Relief comes, according to Bill Richards, one of the scientists involved in the study, because trips tend to follow the same three-stage process.

The first stage is what people typically associate with the drugs, a swirl of lights and colors and sounds. The second stage is a catalogue of faiths — users see Jesus, Buddha, Greek gods, Egyptian gods, and so many others that this stage has become known as the "archetypical realm." But it's what comes next that make psychedelics so effective against mortal terror.
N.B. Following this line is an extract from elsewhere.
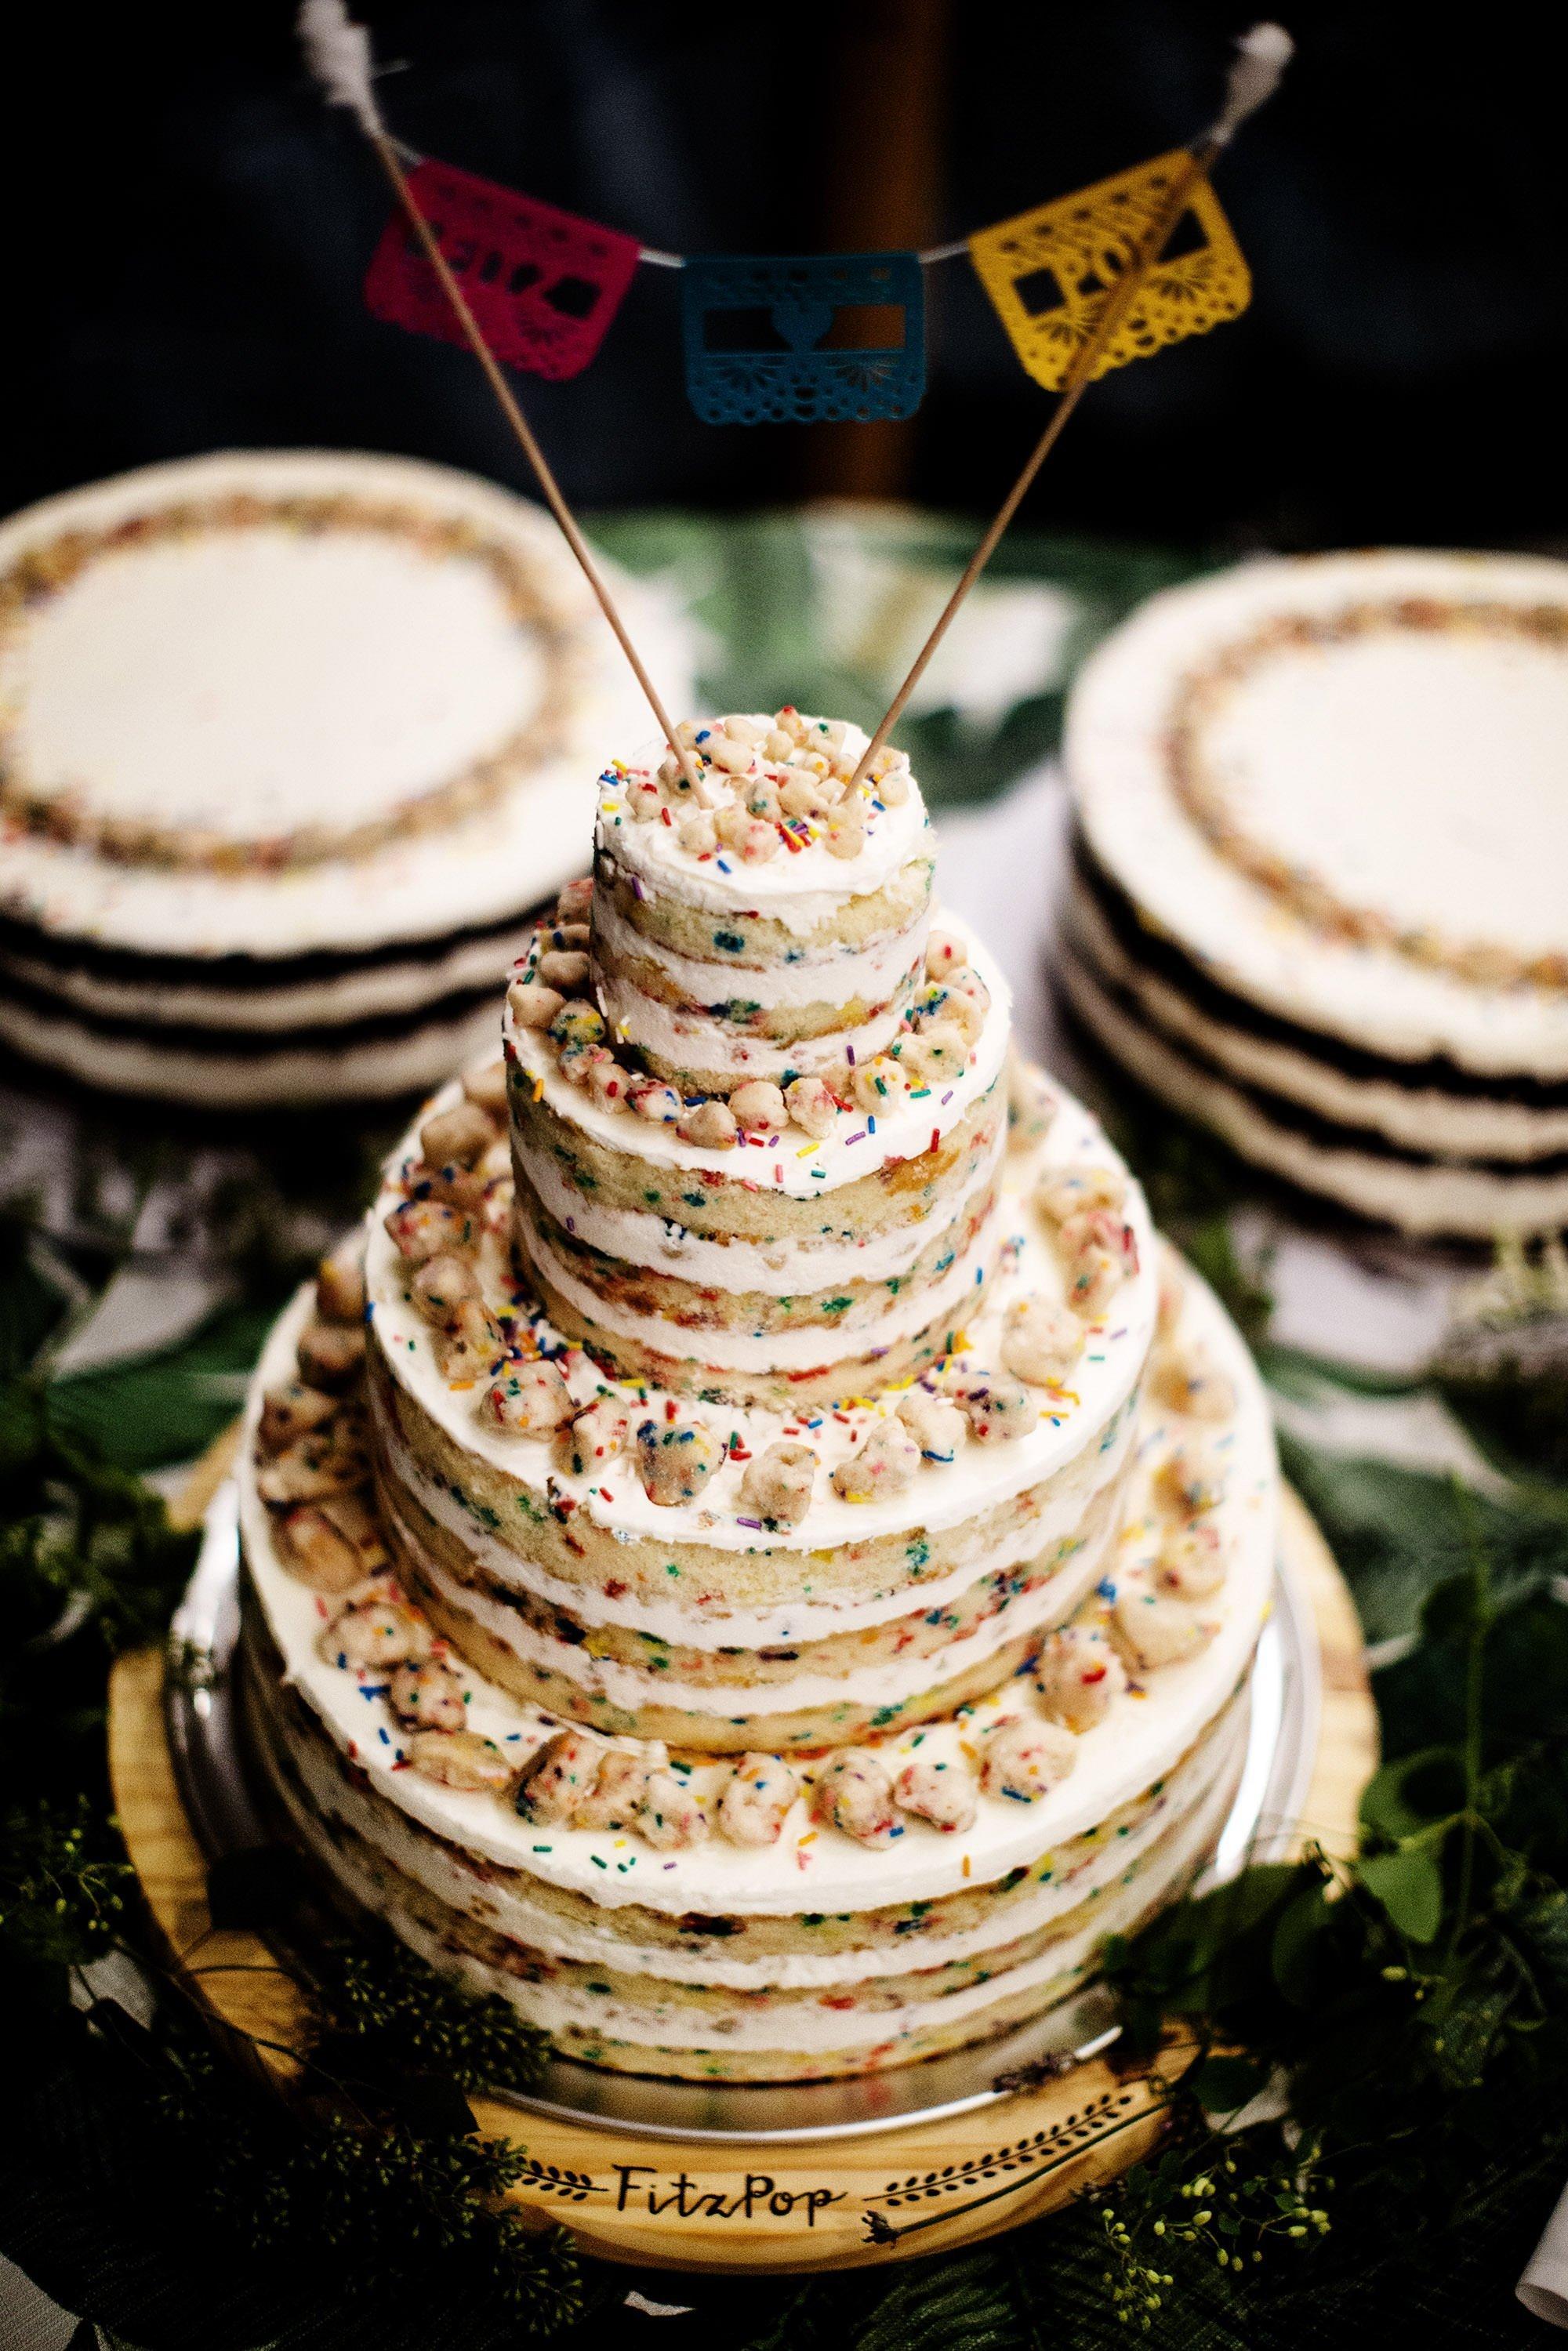 Chatham MA Wedding  I  Cape Cod Wedding  I  The Milk Bar cake.

"After the archetypal realm comes the mystical state," says Richards. "There's a dimension of awesomeness, of profound humility, of the self being stripped bare. In the psychology of religion, mystical experience is well-described-unity, transcendence of time and space, noetic knowledge, sacredness, ineffability...It's the sacred dimension of revelation, but it can be what Kierkegaard called `fear and trembling' — incredibly profound and powerful terrain to travel. Hallucinogens then do the same job as religion: They provide proof of unity, which — in humans and all other animals —is still the only known cure for fear of death."